ASSIGNMENT | A word-for-word copy of the listing is what's needed; leave out every image.

MATERIAL FOR THIS TASK |
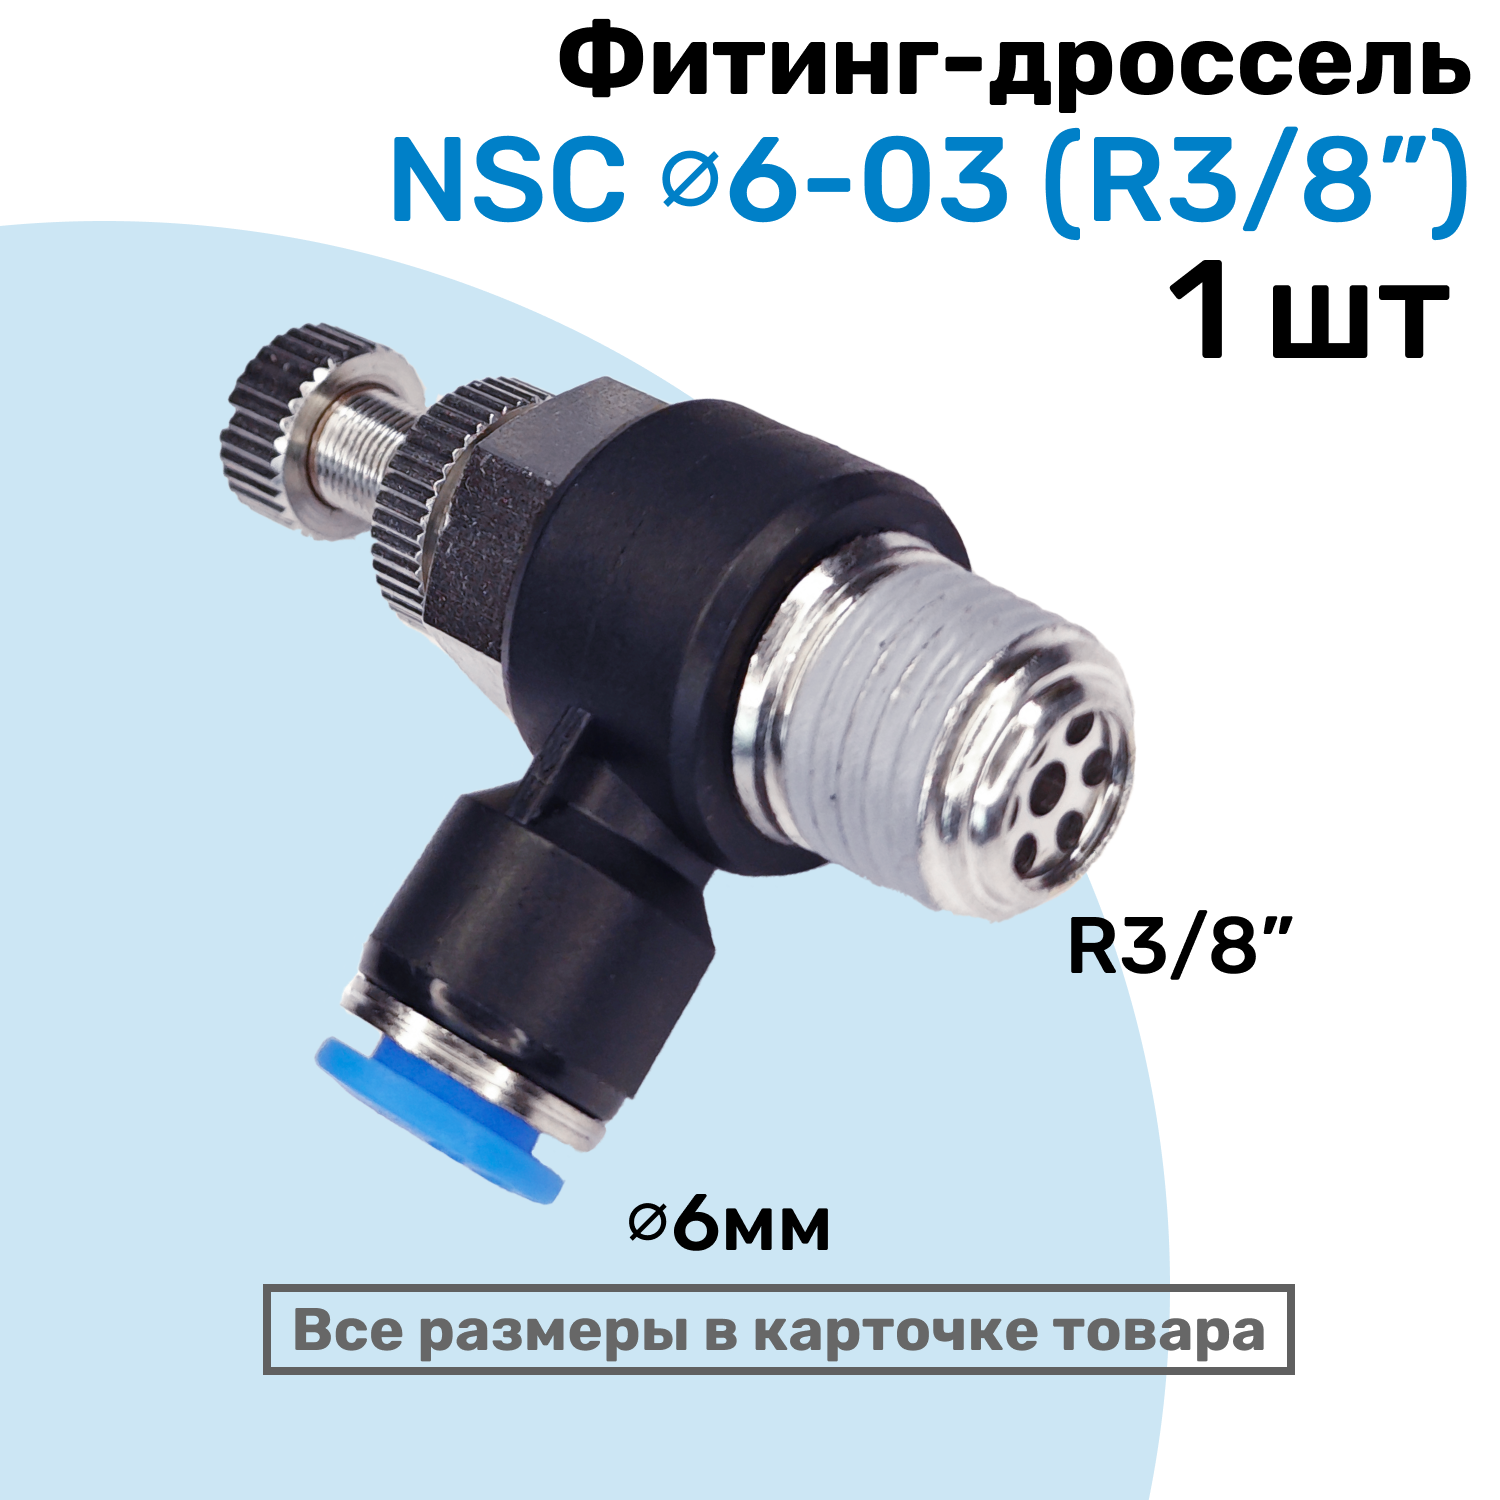 Угловой регулятор расхода воздуха, Фитинг-дроссель с обратным клапаном NSC 06-03 (3/8"), Пневмофитинг NBPT
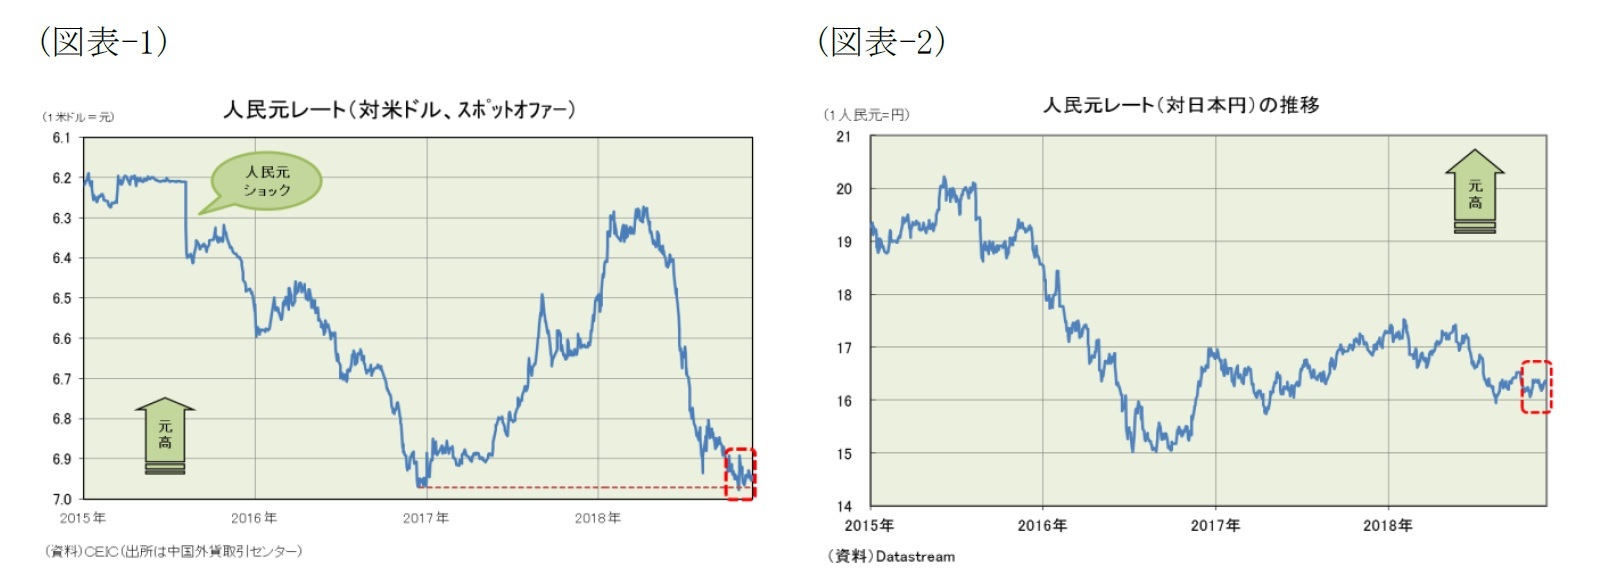 (図表-1)人民元レート（対米ドル、スポットオファー）/(図表-1)人民元レート（対日本円）の推移
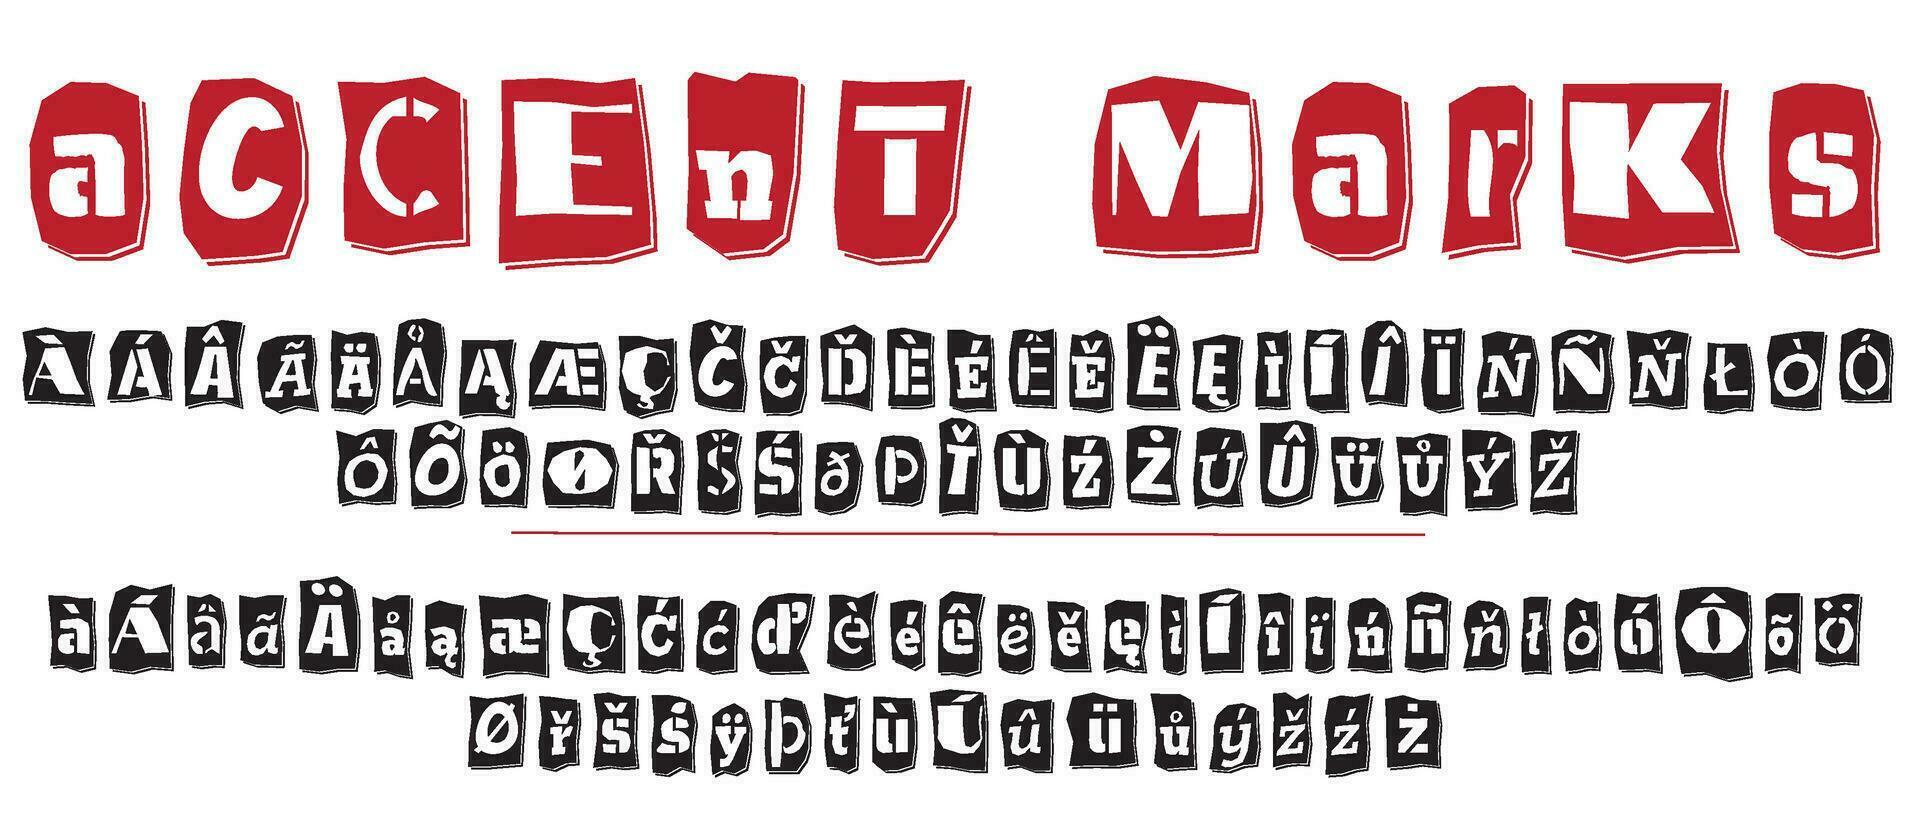 lösen collage stil stencil svart och röd brev tal och skiljetecken märken skära från tidningar och tidningar. årgång ABC samling. svart och vit alfabet typografi vektor illustration.
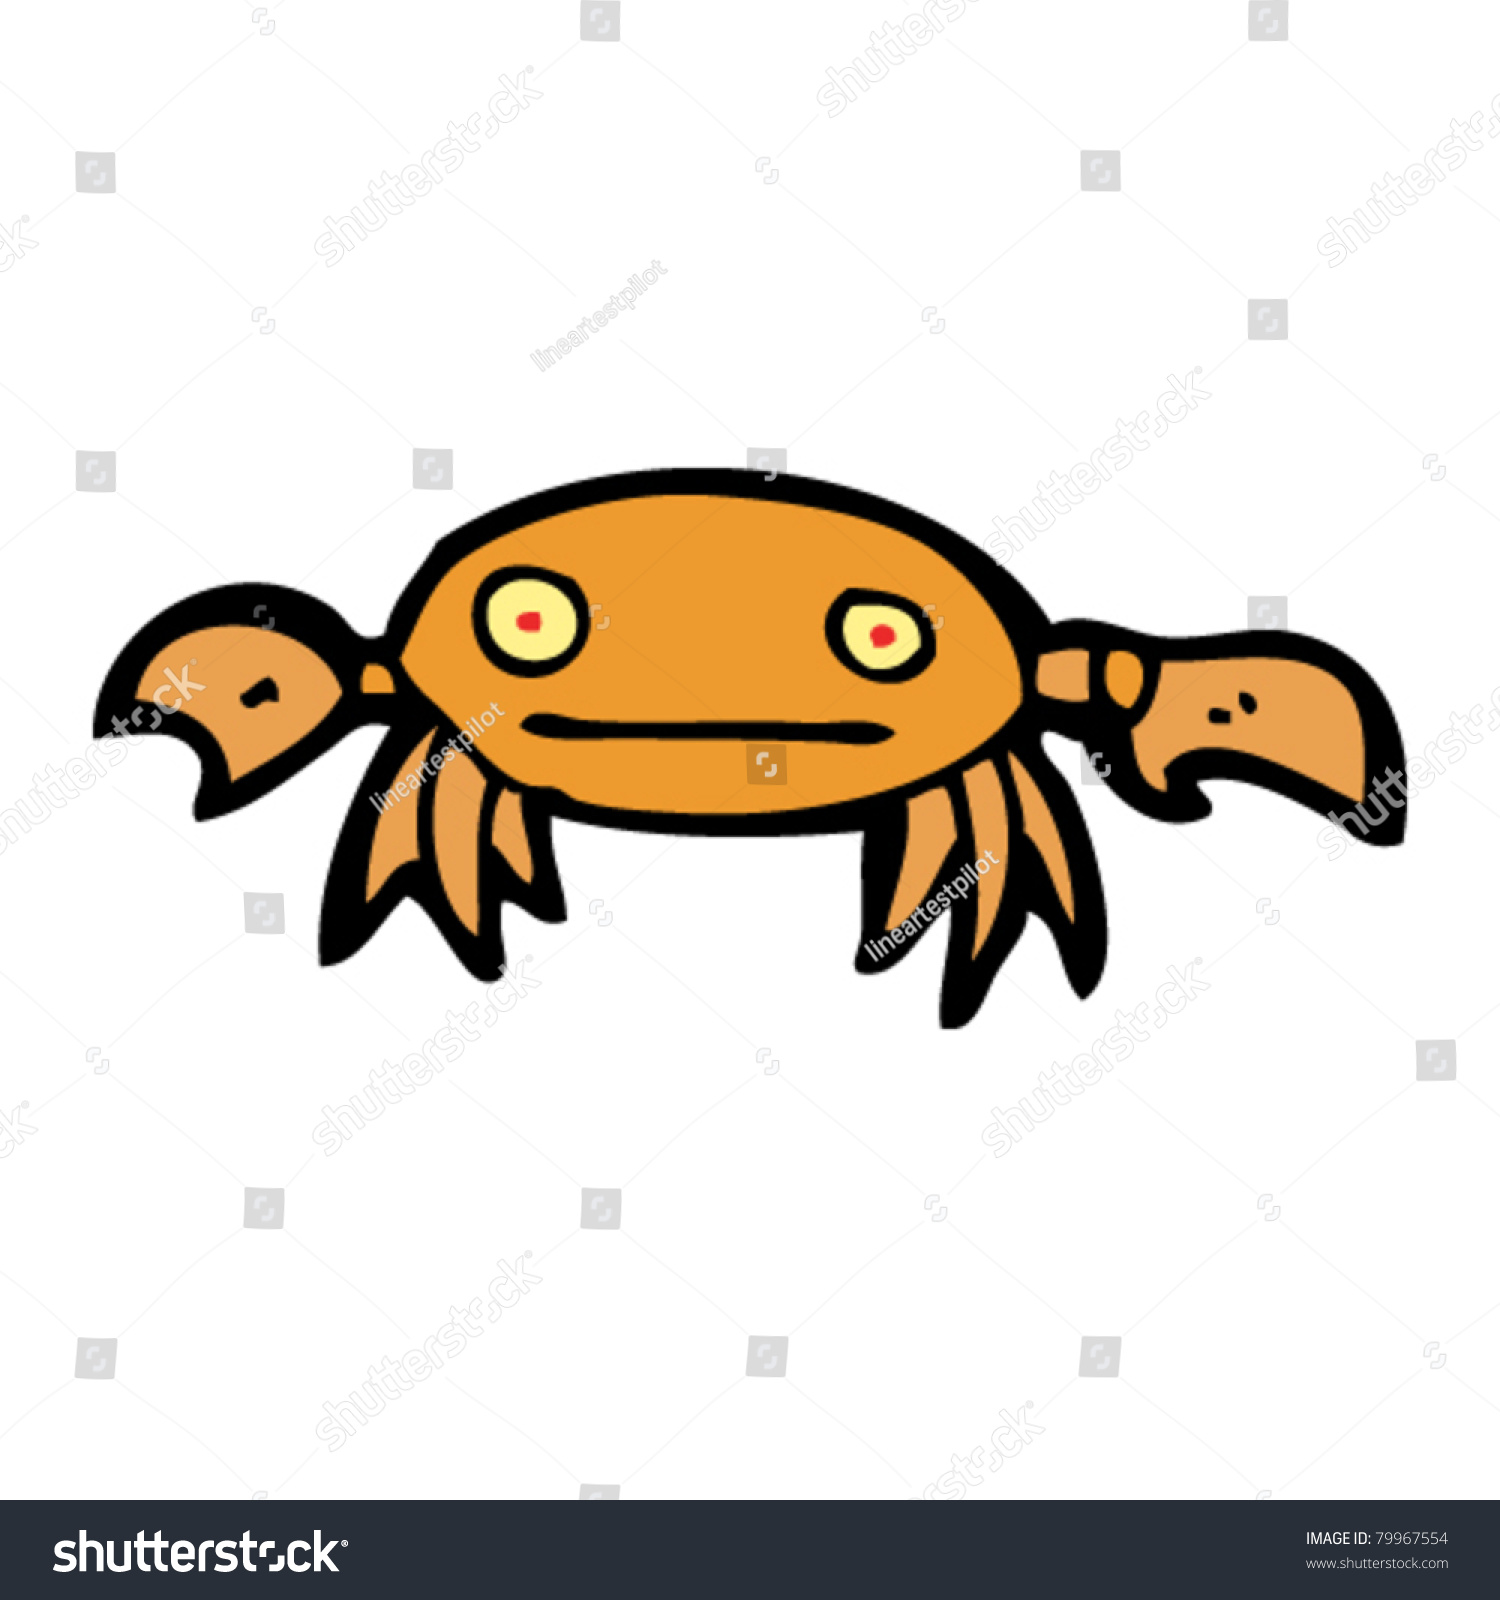 Crab Cartoon Stock Vector Illustration 79967554 : Shutterstock
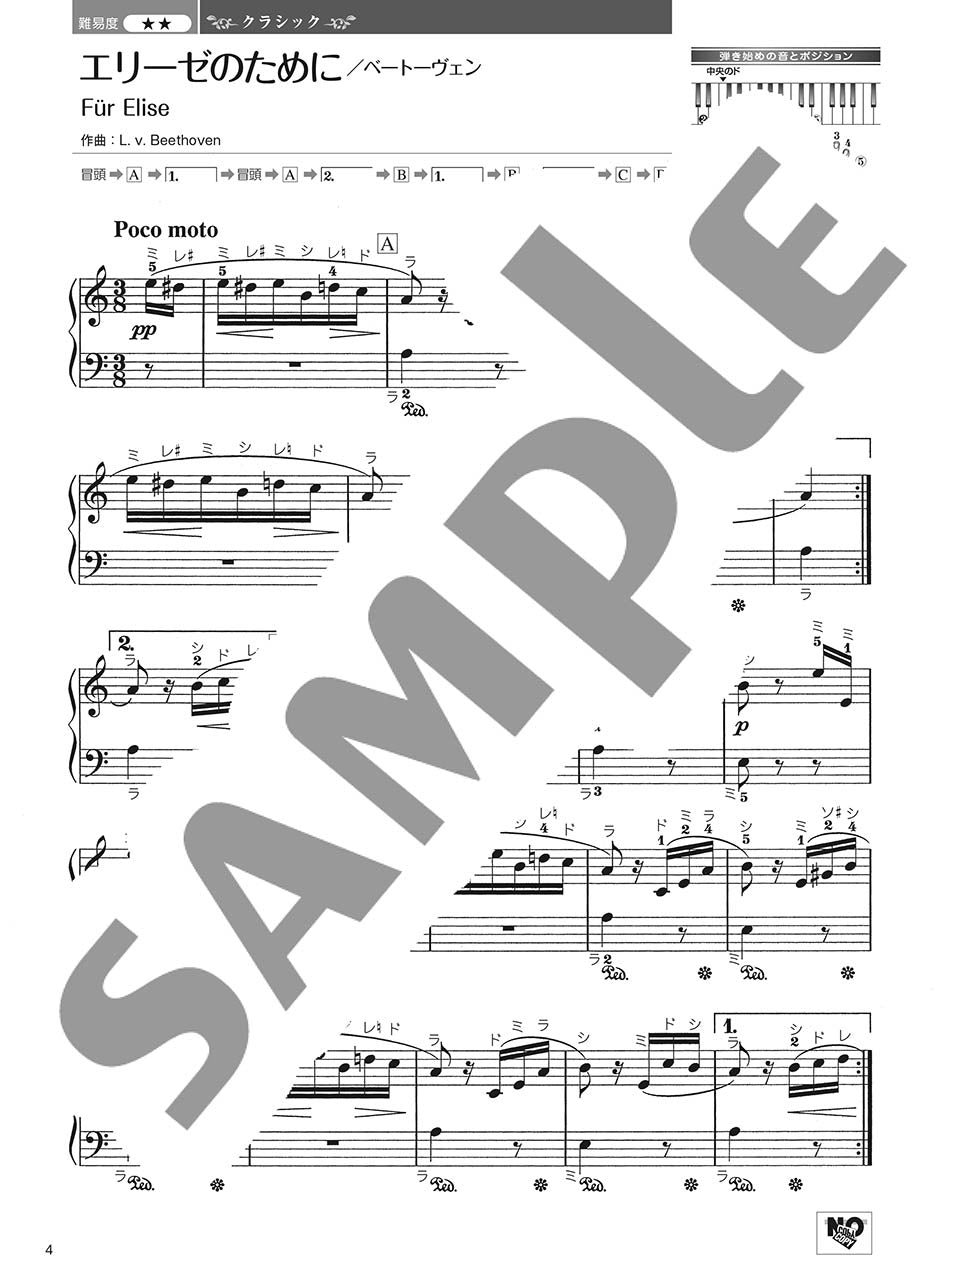 やさしく弾ける 大人のためのピアノレパートリー60 Vol.1_2

EXERCISE ANSWER |
 Угловой регулятор расхода воздуха, Фитинг-дроссель с обратным клапаном NSC 06-03 (3/8"), Пневмофитинг NBPT
 (図表-1)人民元レート（対米ドル、スポットオファー）/(図表-1)人民元レート（対日本円）の推移
 lösen collage stil stencil svart och röd brev tal och skiljetecken märken skära från tidningar och tidningar. årgång ABC samling. svart och vit alfabet typografi vektor illustration.
 Crab Cartoon Stock Vector Illustration 79967554 : Shutterstock
 やさしく弾ける 大人のためのピアノレパートリー60 Vol.1_2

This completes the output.